A couple of weeks ago I watched the anime called Flavors of Youth. This amazing movie tells three different stories in three different cities and one of the stories was about a bowl of ramen. The story in itself didn’t have a big plot twist and it was short enough that it wasn’t that complex. But the majestic way the story revolved around that little bowl of food and the stories that were told around it, made it into a great ⅓ of the movie. It illustrated that food can tell stories, especially when it is linked to other people. Like Lauri Colwin said: “No one who cooks, cooks alone”. There is a tradition in cooking, both in the old grandmother’s recipes and the recipes you get from the internet. So, whenever I am cooking for that weekly ‘chore’ I usually try something as obscure as my limited time allows. I will scour the internet to try and find new recipes and to test them with my own twists here and there, as I am a firm believer that you do not need to measure spices. And even though I enjoy this and will continue to experiment, some winters I can’t resist the temptation of making ‘stamppot’. I will fill my plate, make a plus sign in the middle of it, fill the trenches with jus and stick a bit of ‘appelmoes met rookworst’ on top, making little islands with a jus river in the middle. Even though I do not enjoy ‘stamppot’ that much, there is a certain tradition to it that I crave around the wintertime. I remember my father teaching me how to make the islands and how to hollow out a ‘kroket’ to stuff it with fries. Sometimes the most important thing isn’t the food and how good it tastes; it is about the traditions and the people you cook and eat with.

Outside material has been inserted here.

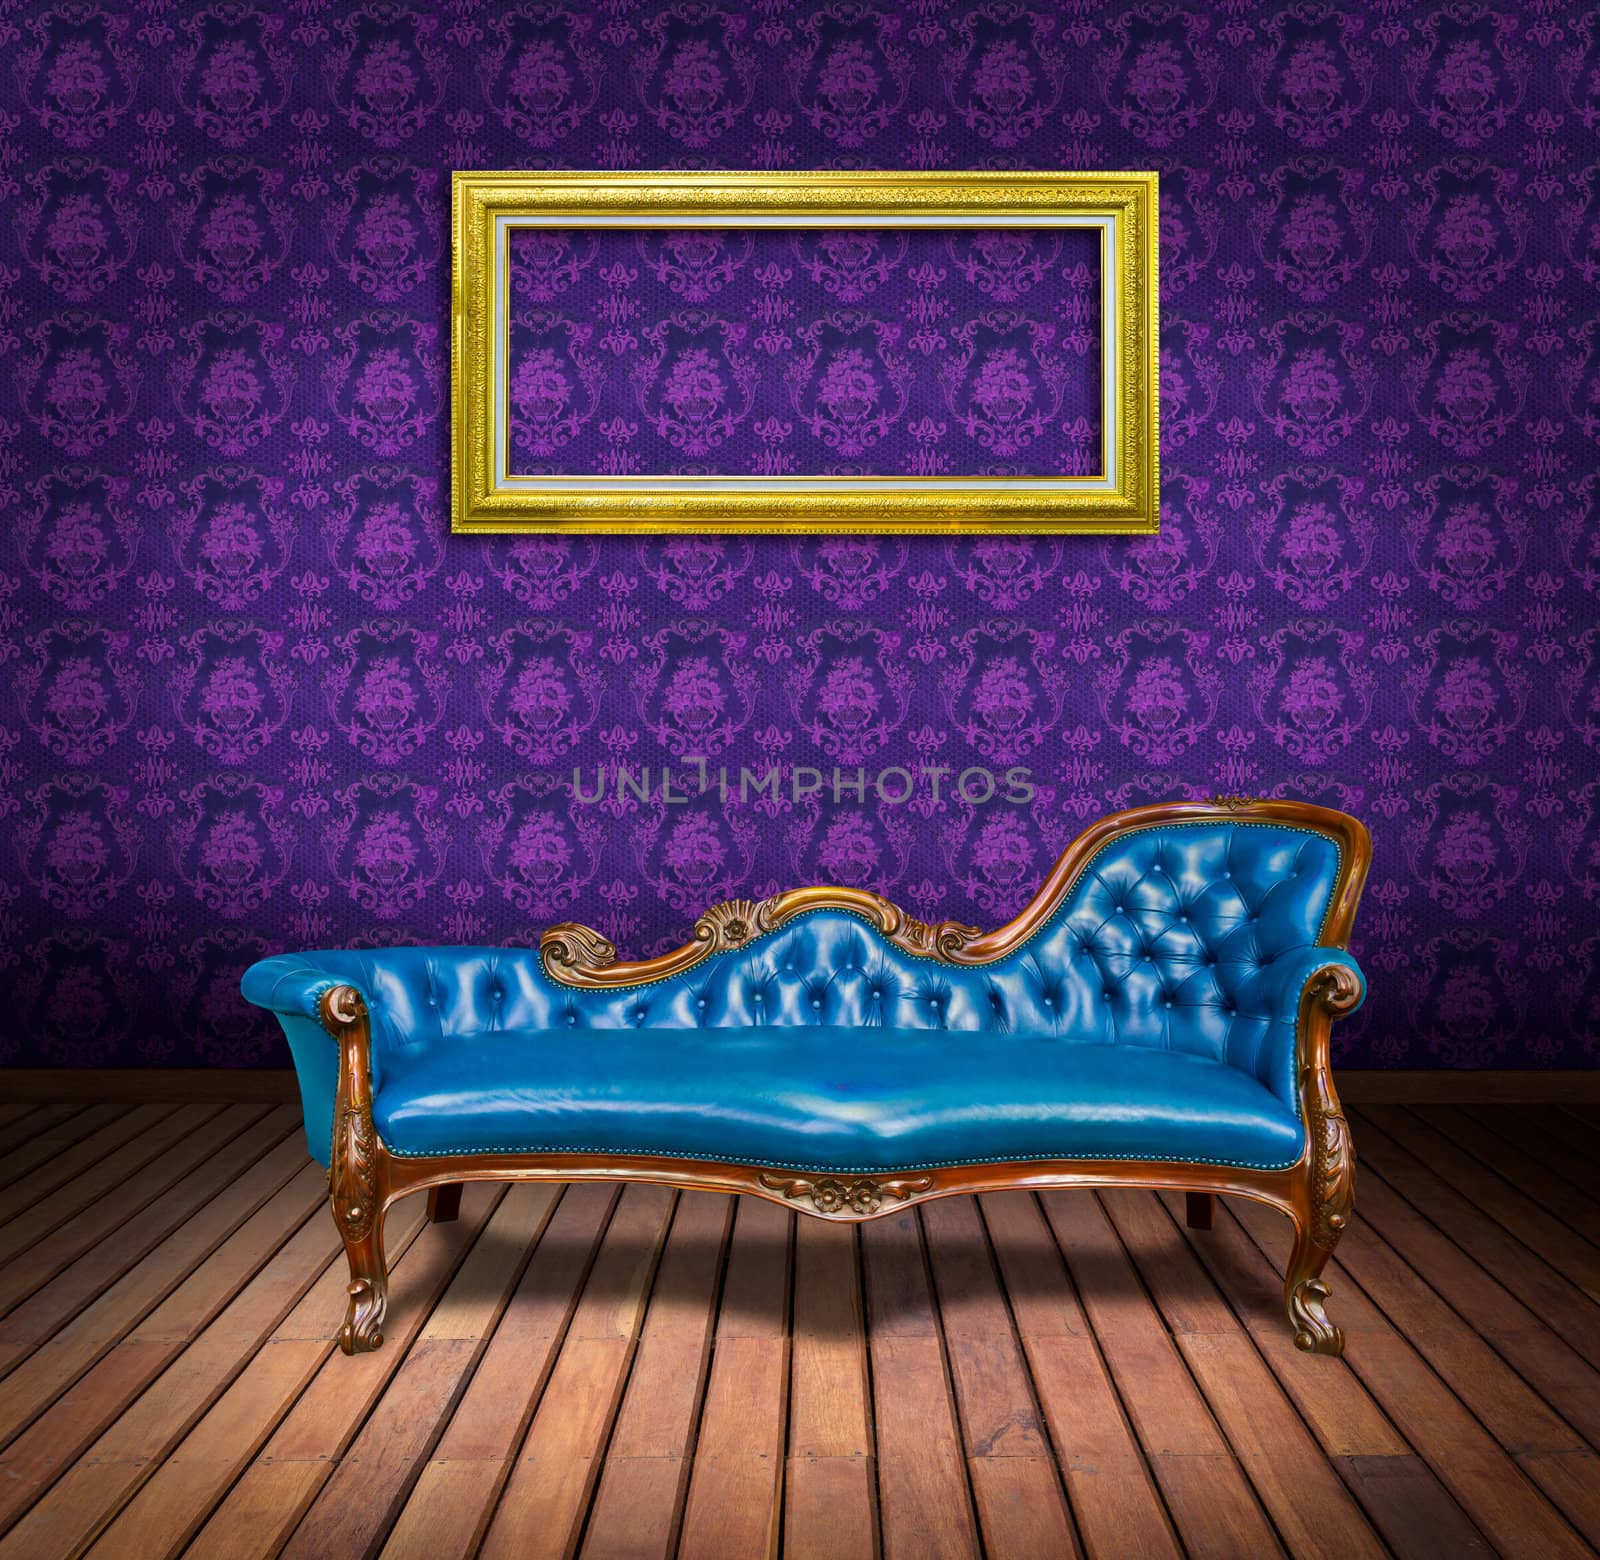 vintage luxury armchair and frame in purple wallpaper room
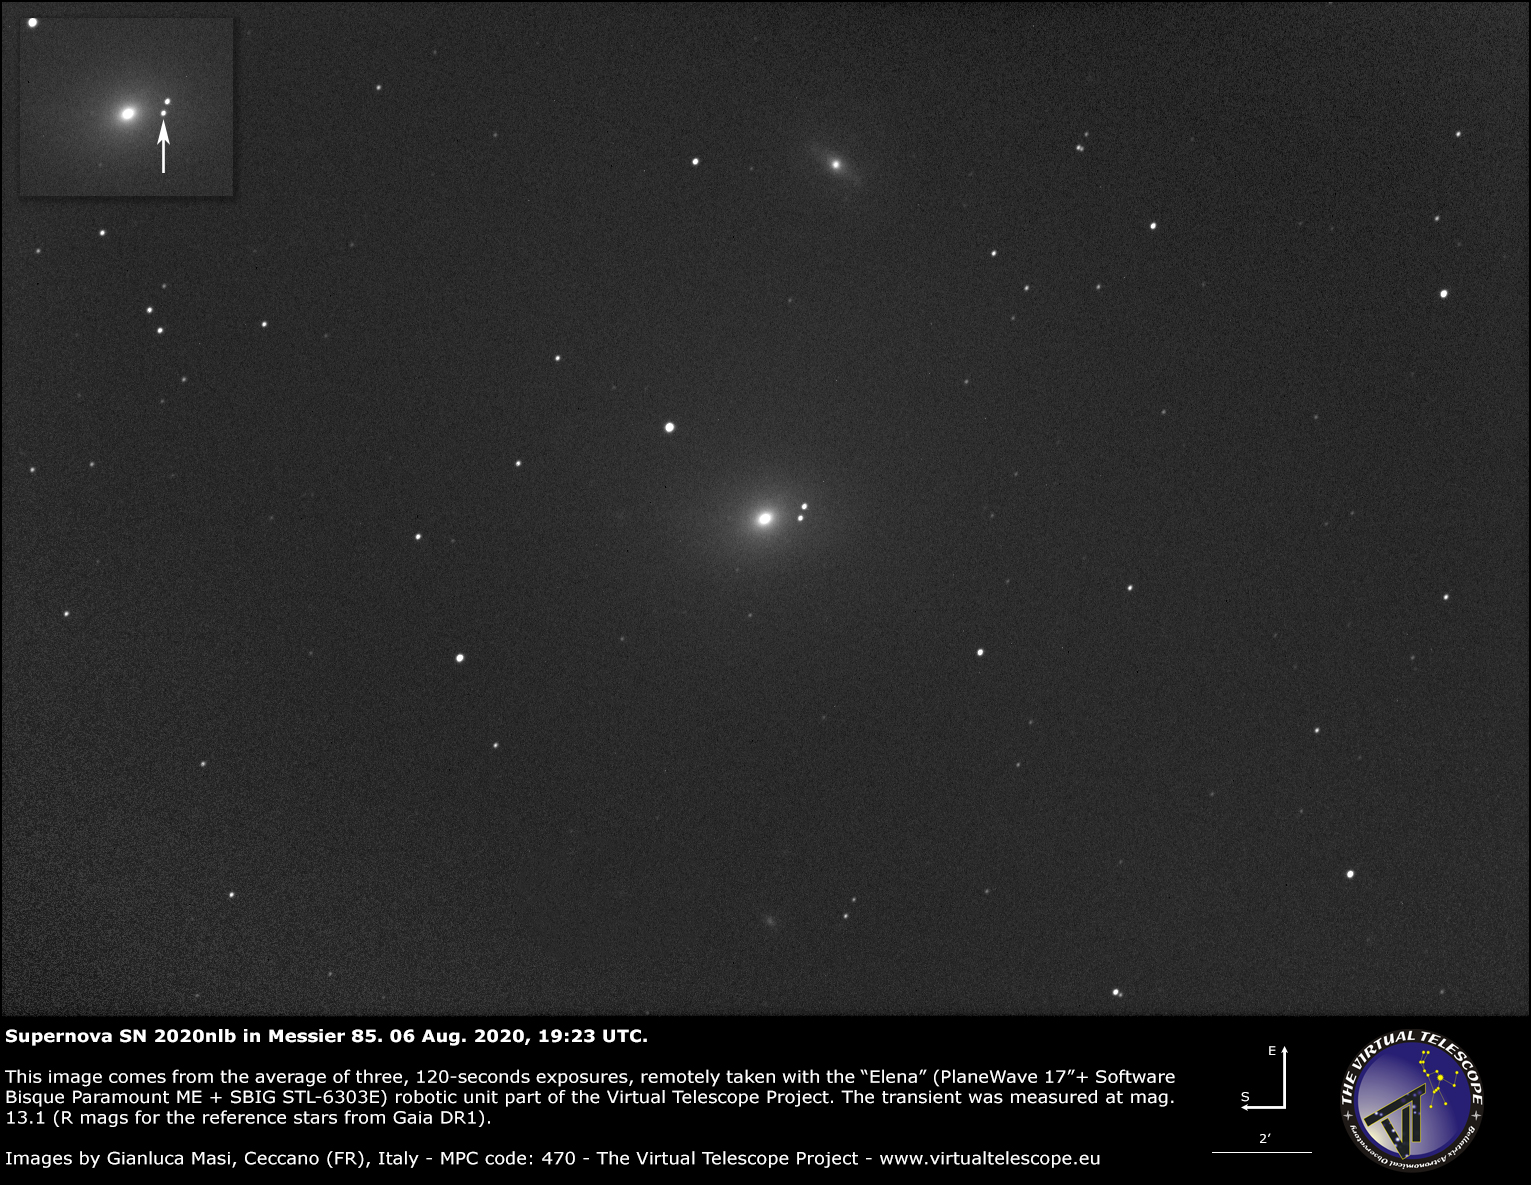 Supernova SN 2020nlb in Messier 85: an image - 06 Aug. 2020.

So, now whenever I prepare a simple lunch of a rusk with some jam, I can’t help but think back on my first disaster in the kitchen. I do agree that we ‘learn from our mistakes’, but I don’t think that’s the most important takeaway from those failed attempts. Because soon I will meet up with my friends again and maybe we will bake something. And maybe we will try a weird experiment again and maybe we will sit on the floor in front of the oven again, watching our baked goods rise. And maybe we will laugh about our past failed attempts and talk about why we put grapes in our cupcakes, whether we would still put grapes in our cupcakes, and whether we will put grapes in our cupcakes next year. And maybe cooking isn’t so much about becoming a Master chef and trying the most exotic cuisines. Maybe cooking is just meant to be shared.